Керн отхлебнул и передал бутылку поляку. Тот поднес горлышко к губам, лихо запрокинул голову и принялся пить.
— Ну и горазд лакать этот яйцепоклонник! — злобно пробурчал обладатель курицы и вырвал у поляка бутылку из рук. — Осталось совсем немного, — с сожалением сказал он русскому, отпив свою долю.
Тот пренебрежительно махнул рукой:
— Не беда. Меня выпустят сегодня вечером. Как русский я имею нансеновский паспорт[32]
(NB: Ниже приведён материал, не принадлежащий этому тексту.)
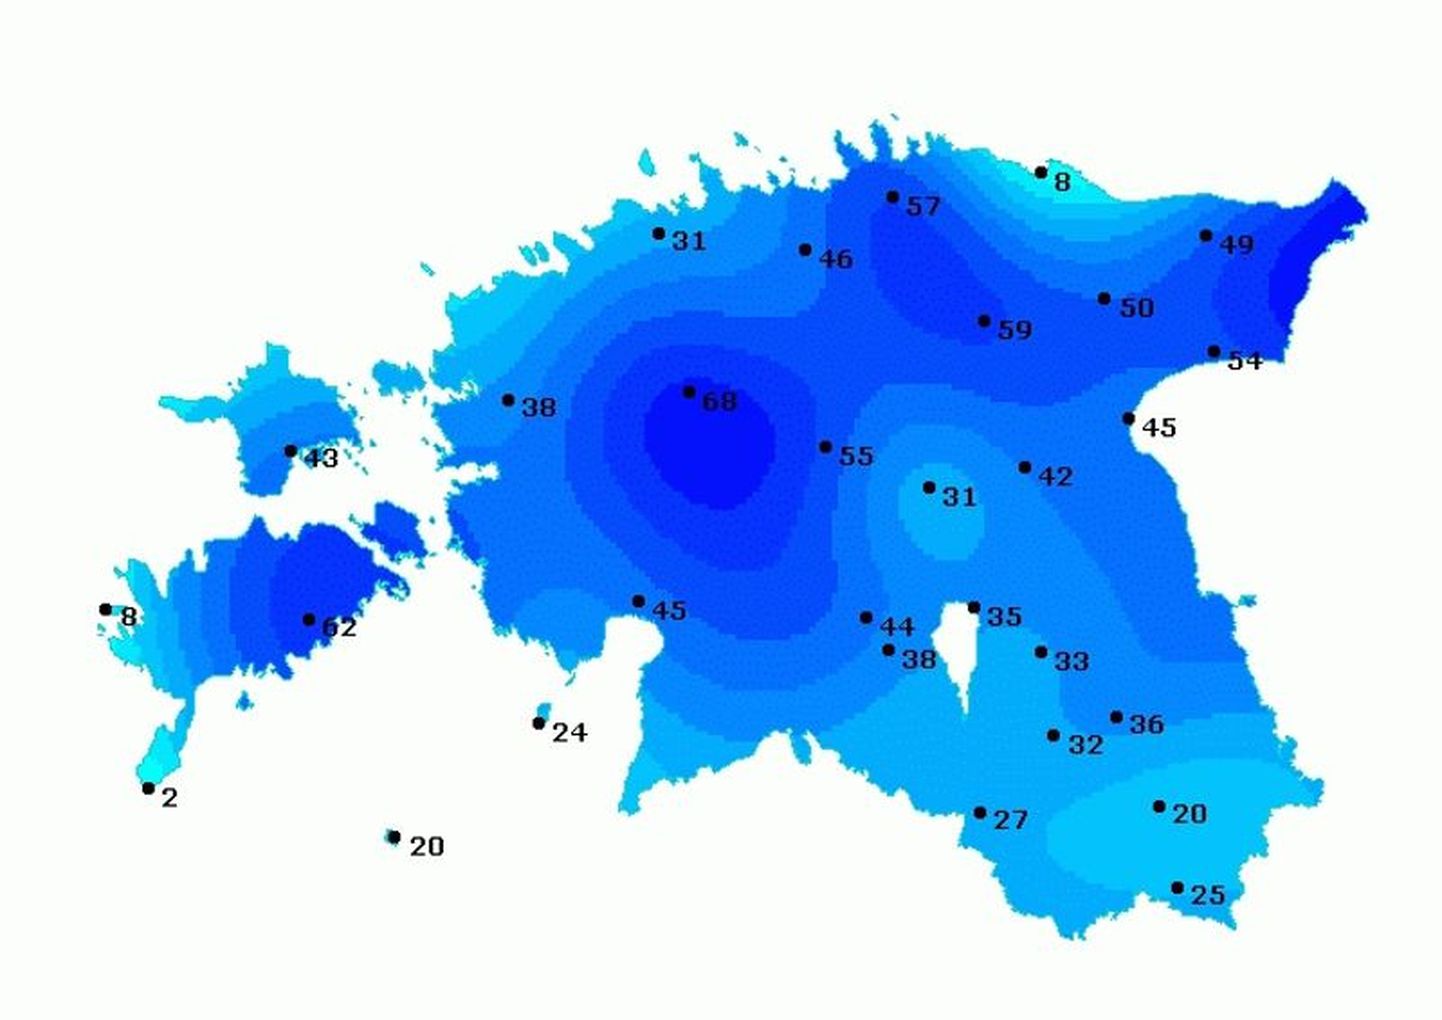 Eesti meteoroloogia ja hüdroloogia instituudi lumekaart 13. detsembri hommikul, mis näitab lumekihi paksust sentimeetrites.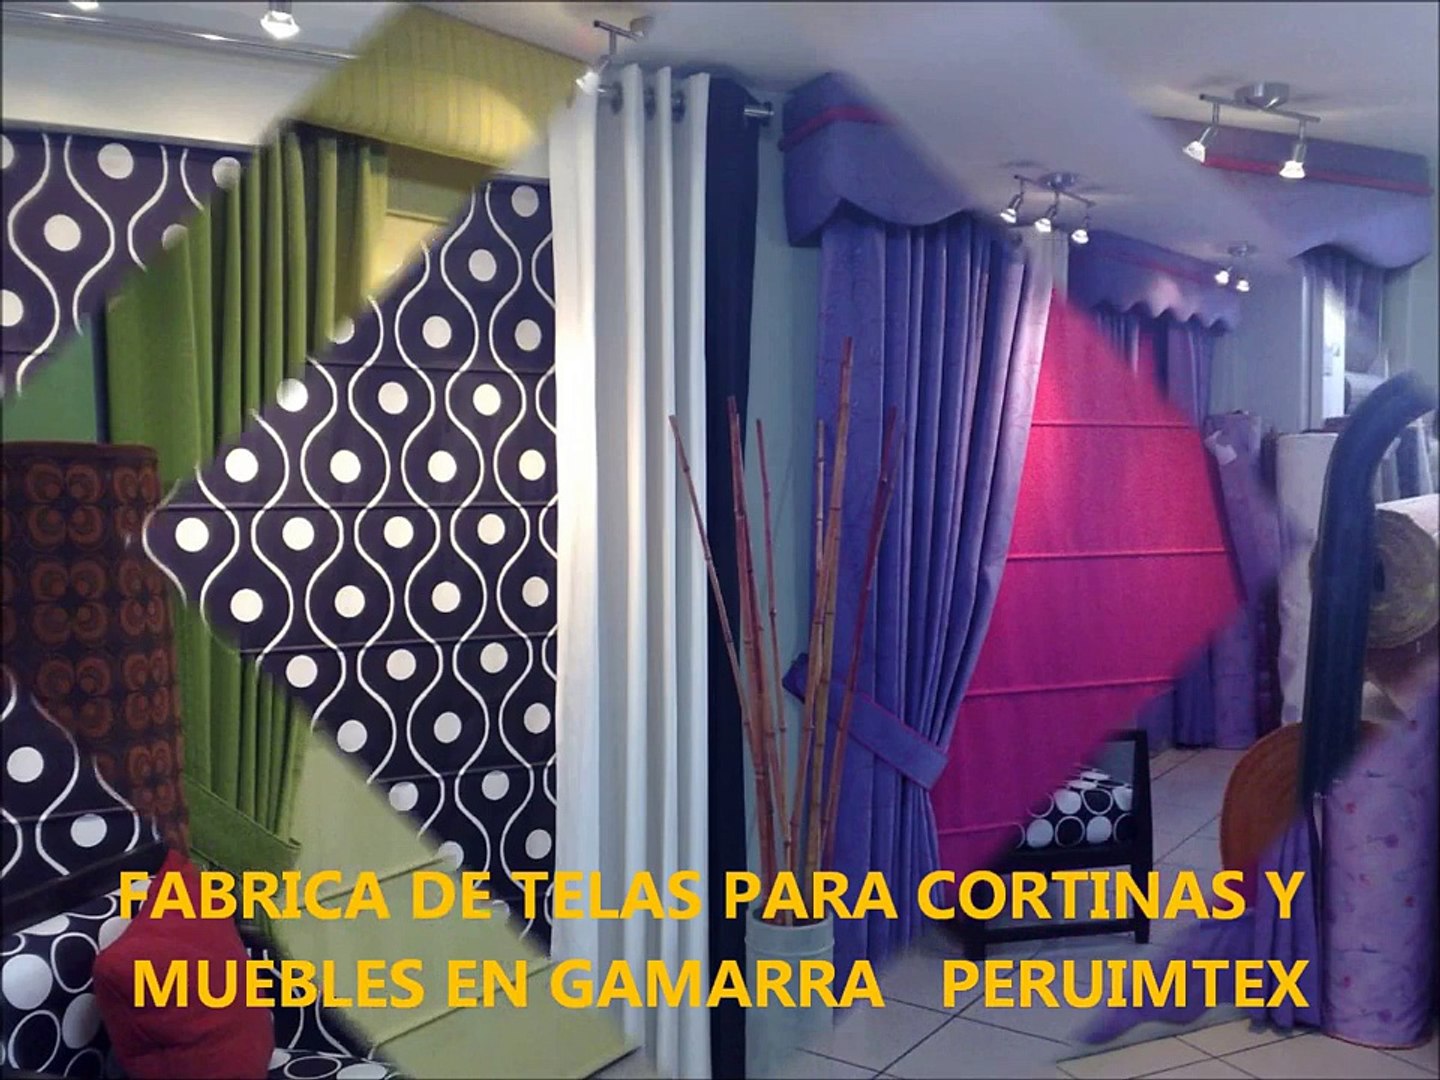 FABRICA DE TELAS PARA CORTINAS Y MUEBLES EN GAMARRA PERUIMTEX - video  Dailymotion

.— Нансеновский паспорт! — почтительно повторила «курица». — Значит, среди безродных вы — аристократ.
— Мне очень жаль, что вы еще не имеете его, — вежливо ответил русский…
— У вас было преимущество, — заметил Штайнер. — Вы были первыми. Мир встретил вас с великим состраданием. А на нашу долю выпала лишь малая толика сочувствия. Нас, конечно, жалеют, но все тяготятся нами. Мы — нежелательный элемент…
Русский пожал плечами. Затем передал бутылку единственному человеку в камере, который до сих пор не проронил ни слова.